DATED 1 st Day of November 2024

 

 

BETWEEN

 

HTL FAR EAST PTE. LTD.

(Singapore Co. No: 202444212E)

(“Buyer”)

 

And

 

HTL FURNITURE (China) CO., LTD

(Co. No: 91320583628382358X)

(“Contractor”)

 

 

CONTRACT MANUFACTURING AGREEMENT

 

 

 

 

 

THIS AGREEMENT is made on 1 st day of November 2024 between:

 

  (1) HTL FAR EAST PTE. LTD. (Singapore Co. No: 202444212E), a company incorporated in Singapore and having its business office at 229 MOUNTBATTEN ROAD, ##03-44/45, MOUNTBATTEN SQUARE, SINGAPORE 398007 (“Buyer”) ; and
     
  (2) HTL FURNITURE (China) CO., LTD (Co.

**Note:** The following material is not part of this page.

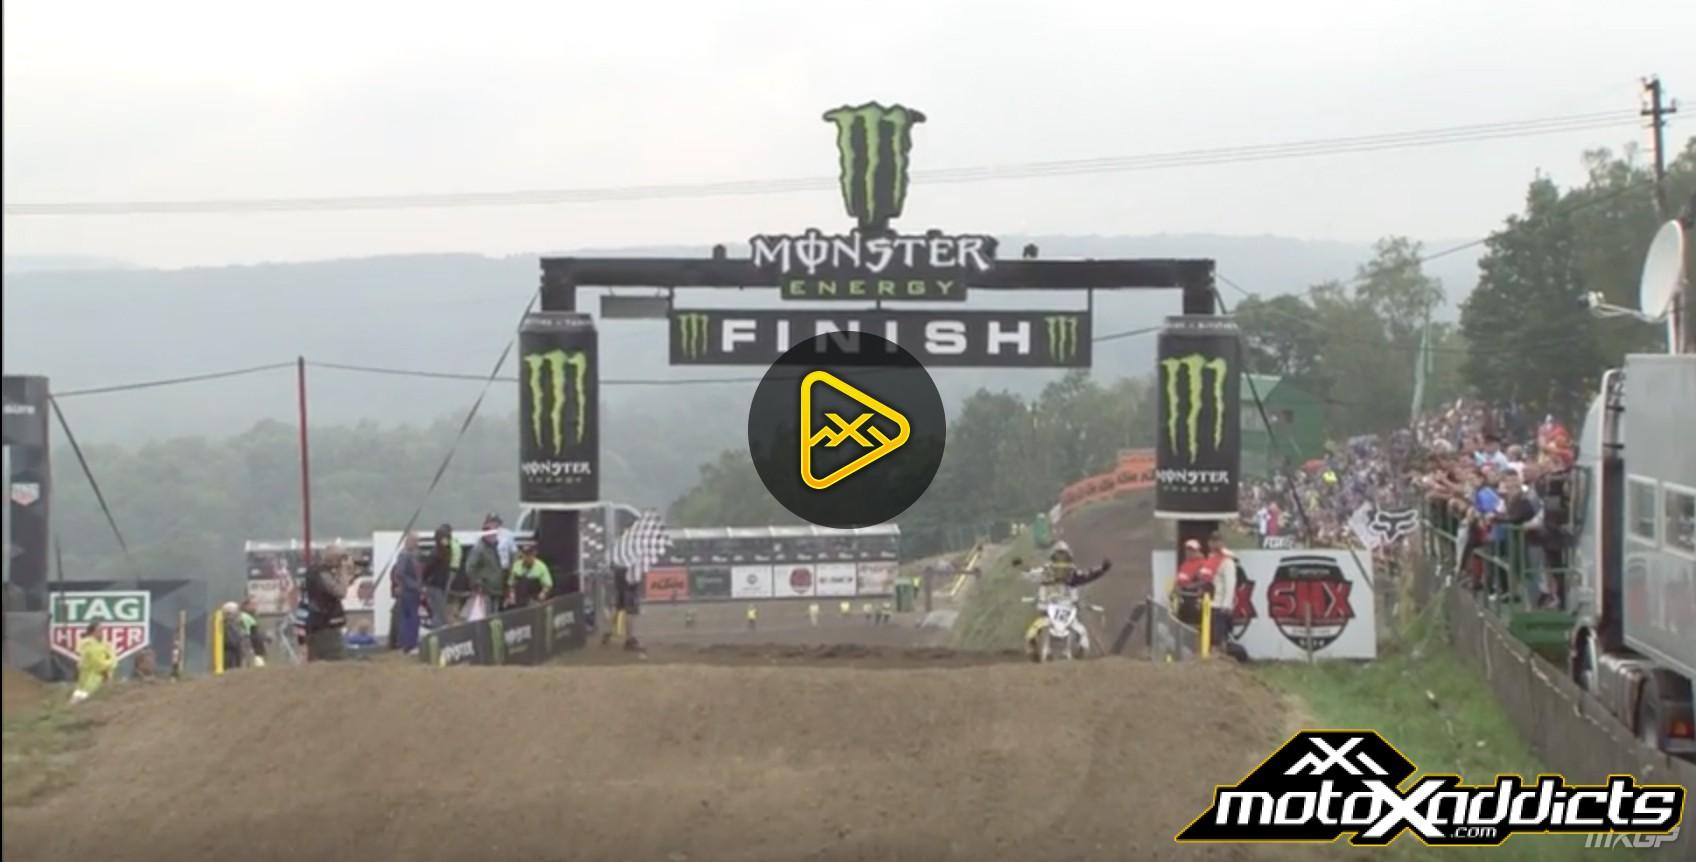 2016 MXGP of Czech Republic (Loket) Highlights

No: 91320583628382358X), a company incorporated in The People’s Republic China and having its business office at South Wusongjiang Road, Economic Development Zone, Kunshan Jiangsu The People’s Republic of China 223005 (“Contractor”)of the other part.

 

WHEREAS

 

I. The Buyer carries on in the design, development, manufacture and sale of the brands of leather upholstery (“the Products”) set out in Annex 1 hereto. The Buyer requires services to be provided for the manufacture of the Products and the Contractor has represented to the Buyer that it has the necessary skill and expertise to provide the requisite manufacturing services.
   
II. At the direction regarding the design and specifications of Buyer, Contractor manufactures the Products and sells all of its output of such Products to Buyer or parties designated by Buyers.
   
III. The parties to this Agreement are independent contractors, and neither party is, and nothing in this Agreement shall constitute either party as, the employer, principal, agent or partner of, or in a joint venture with, the other. The parties to this Agreement shall be regarded as independent contractors dealing at arm’s length.
   
IV. Buyer and Contractor have agreed to enter into this Agreement to regulate the provision of the manufacturing services.

 

NOW THEREFORE in consideration of the premises and mutual covenants contained herein and other good and valuable consideration, the receipt and sufficiency of which is hereby acknowledged in the parties agree as follows:

 

1. Provision of Manufacturing Services
   
1.1 During the term of this Agreement, Contractor shall provide Buyer with the services required to manufacture the Products (the “Services”) with the details of the Services and all other ancillary conditions set out in Annex 2 and Annex 3 hereto.
   
1.2 The Contractor shall ensure that the Services, all ancillary operations carried out in connection therewith (the “Operations”) and the Products shall comply with the specifications, quality, assurance, specifications and manufacturing capabilities specified by Buyer in writing from time to time.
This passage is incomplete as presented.